HVBA Article Summary

  1. Health Insurance Costs Are Rising Significantly: ACA premiums are set to increase by 26%, driven by rising hospital costs, higher use of expensive drugs like Ozempic, and potential tariffs. Without an extension of Biden-era subsidies, enrollees could face a 114% increase, affecting the 22 million of 24 million who currently receive subsidies. Small group employer premiums are expected to rise by a median of 11%, and large employers anticipate a 6.5% increase in per-employee costs, with many shifting more expenses to workers through higher out-of-pocket costs.

  2. Congressional Inaction Leaves Rising Costs Unchecked: Despite intense political debate, no legislative solution is emerging to curb rising premiums. While Democrats favor extending subsidies, Republican opposition remains strong, and no measures address the underlying drivers of cost hikes like medical inflation or drug prices. With no relief in sight, many families and employers face tough choices — including reducing coverage or going uninsured.

  3. Healthcare Costs Are a Growing Political and Public Priority: The ACA has reached 57% approval, including over 60% of independents, while only 15% of Republicans support it. Gallup also found that 29% of Americans now identify healthcare costs as the most urgent health issue, up from 23% last year. With healthcare use rising post-pandemic and AI increasing provider capacity, insurance is becoming a key election issue, especially as premium hikes loom for 2026.

What AI means for burnout, benefits and trust at work in 2026

By Jimmy Nesbitt – As AI becomes more integrated in the workplace, benefits will shift from a one-size-fits-all approach to a more employee-centric model. That's just one of the major changes Polina Dimitrova, global head of people at automation platform Make, expects to see in the coming years. From benefits to productivity, AI is upending how employees go about their jobs. And while that revolution may be scary to some, Dimitrova sees a lot of opportunities to improve efficiency and work in tandem with AI programs on repetitive tasks, freeing up employees to become more creative. Read Full Article... (Subscription required)

HVBA Article Summary

  1. AI Integration Requires Thoughtful Design and Training: The successful use of AI in the workplace goes beyond simply implementing new tools. To truly gain productivity and well-being benefits, organizations must invest in redesigning workflows, clearly define how AI should be used, and provide comprehensive training. Without this foundational support, AI may unintentionally increase employee pressure, create confusion, or lead to higher stress levels instead of improving efficiency.

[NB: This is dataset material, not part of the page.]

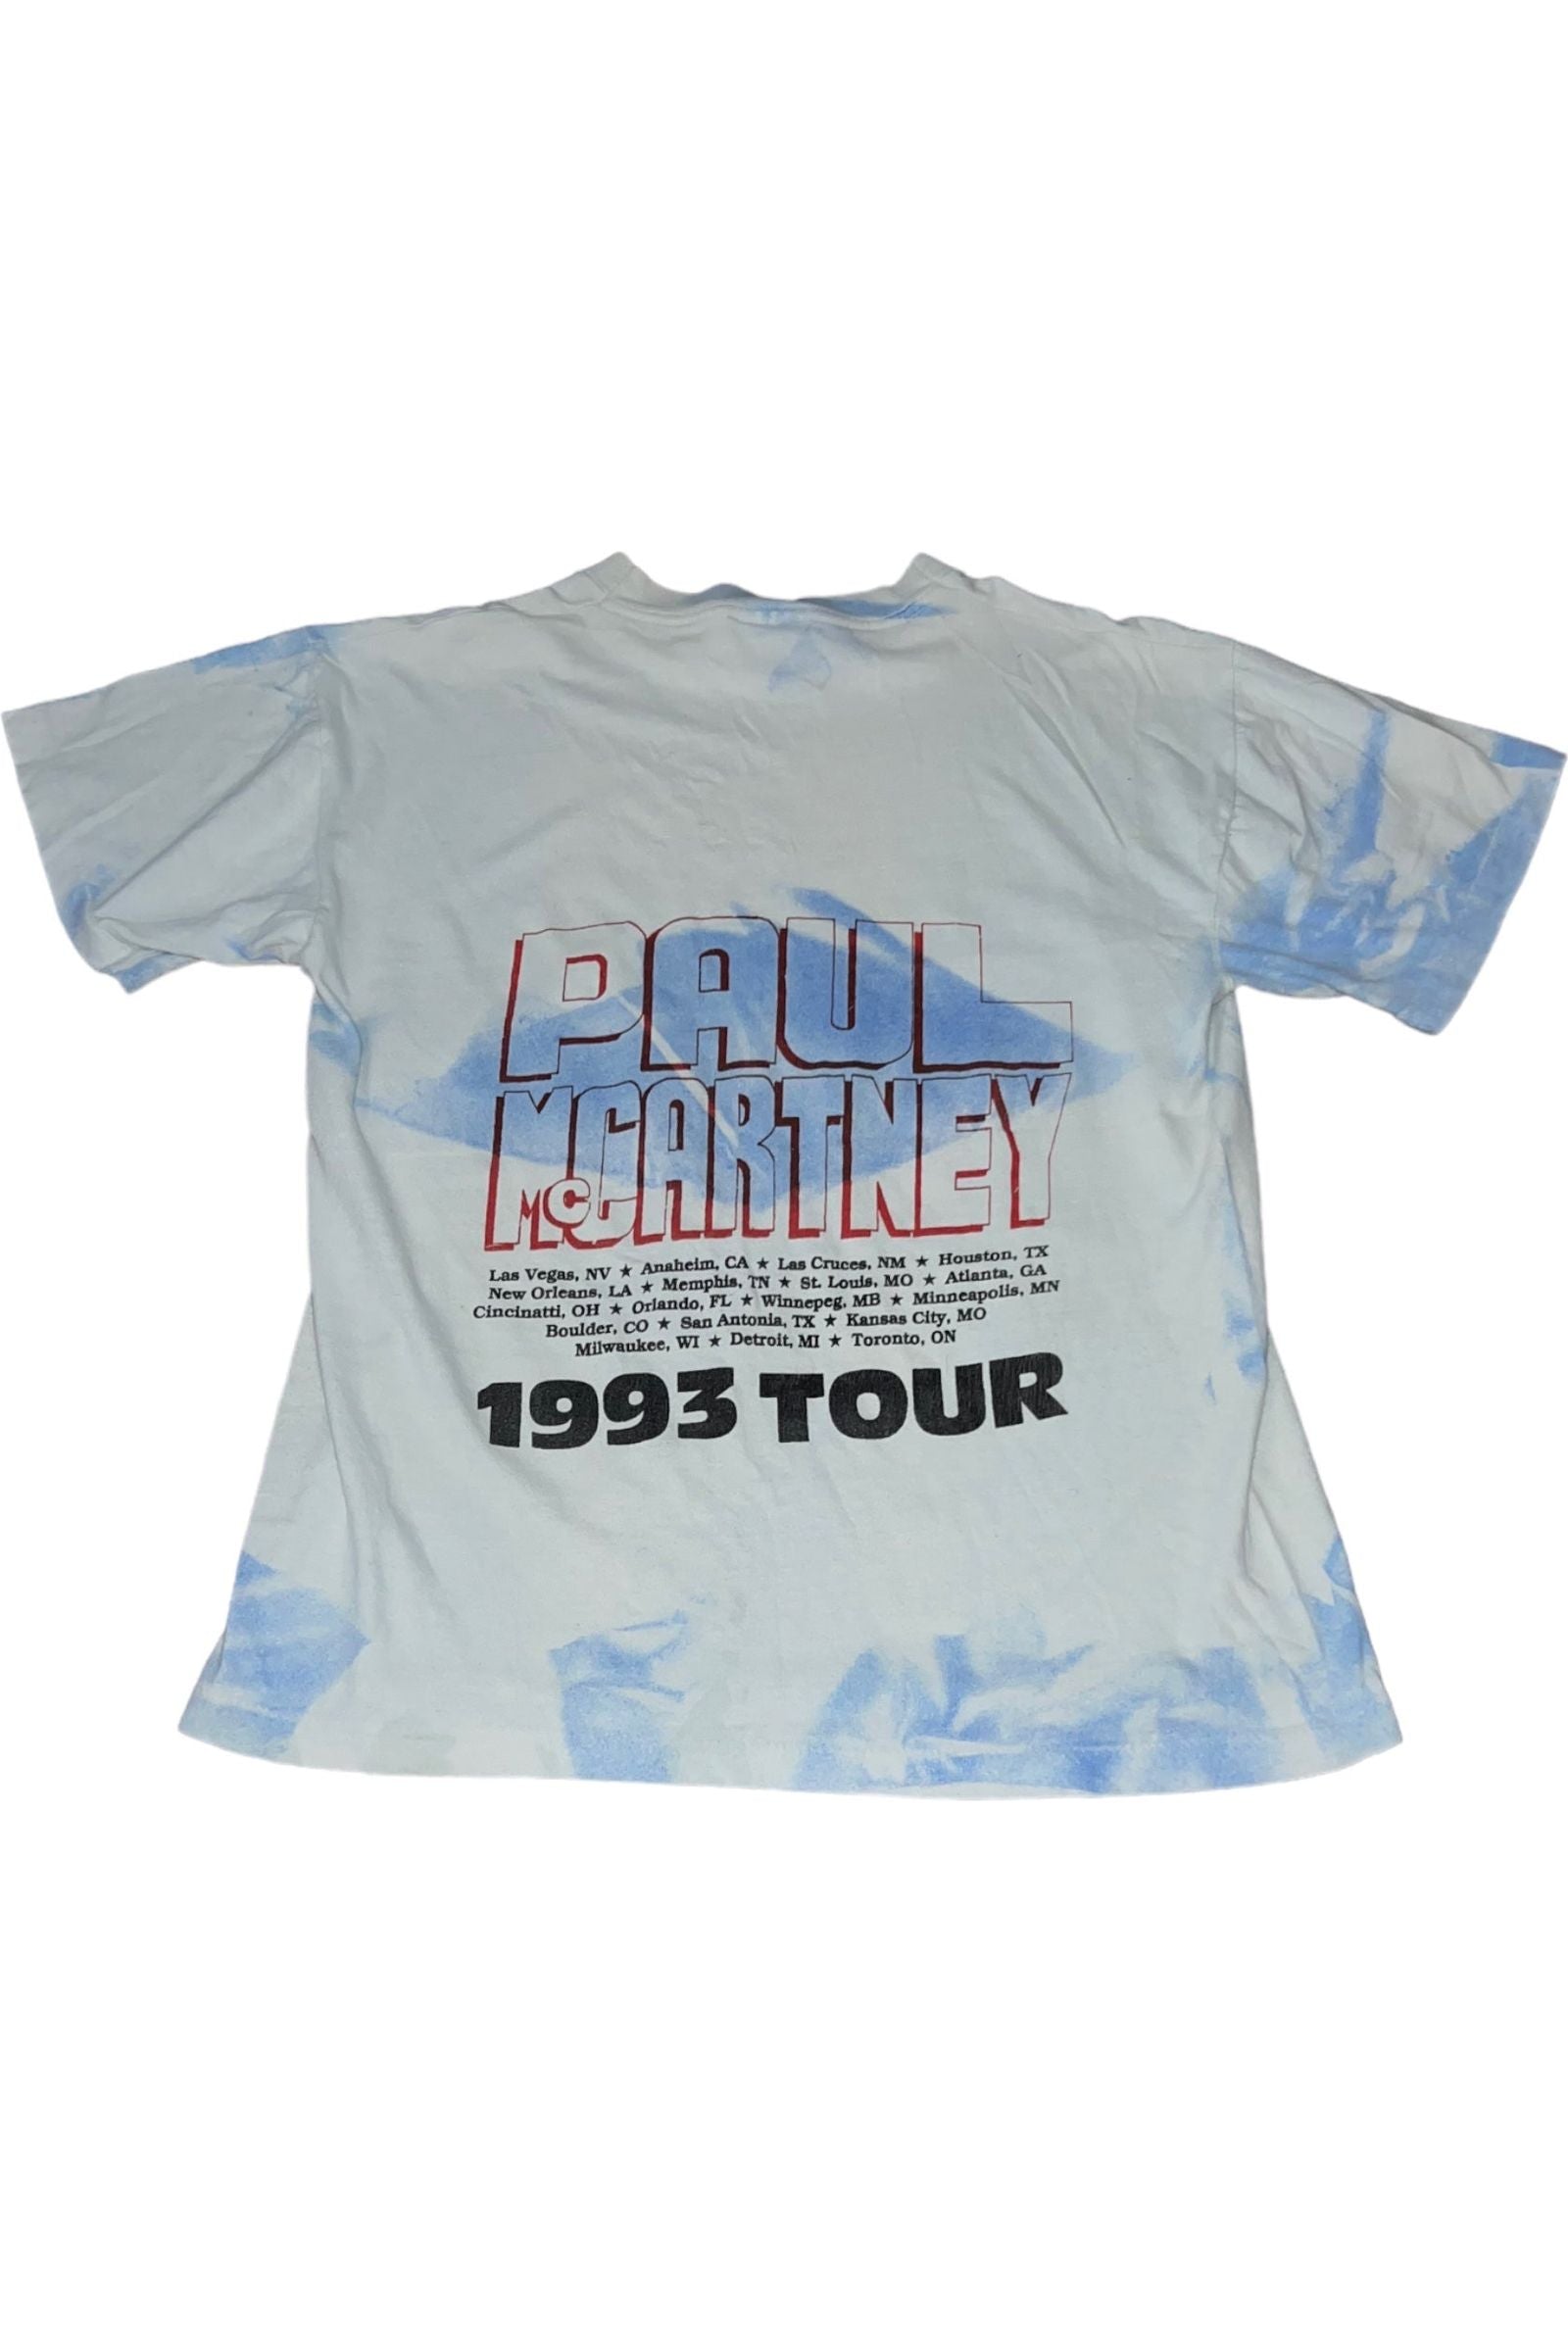 Paul McCartney 1993 Tour - La Kultura

  2. AI Enhances, But Does Not Replace, Human Judgment: AI is most valuable when used to streamline repetitive, administrative tasks and provide data-driven insights. This allows employees to redirect their time and energy toward work that requires creativity, strategic thinking, and emotional intelligence. However, to achieve these benefits, companies must present AI as a tool that complements human capabilities rather than as a replacement or a mechanism for pushing employees to do more in less time.

  3. Personalized Benefits and Ethical AI Use Are the Future: As AI becomes more sophisticated in analyzing behavior, health data, and work patterns, it will enable highly personalized support for employees in areas like wellness, mental health, and skill development. To prepare for this shift, benefit leaders must focus on ethical implementation, remain transparent about how AI is used, and actively foster trust by showing how AI can enhance — not undermine — the human experience at work.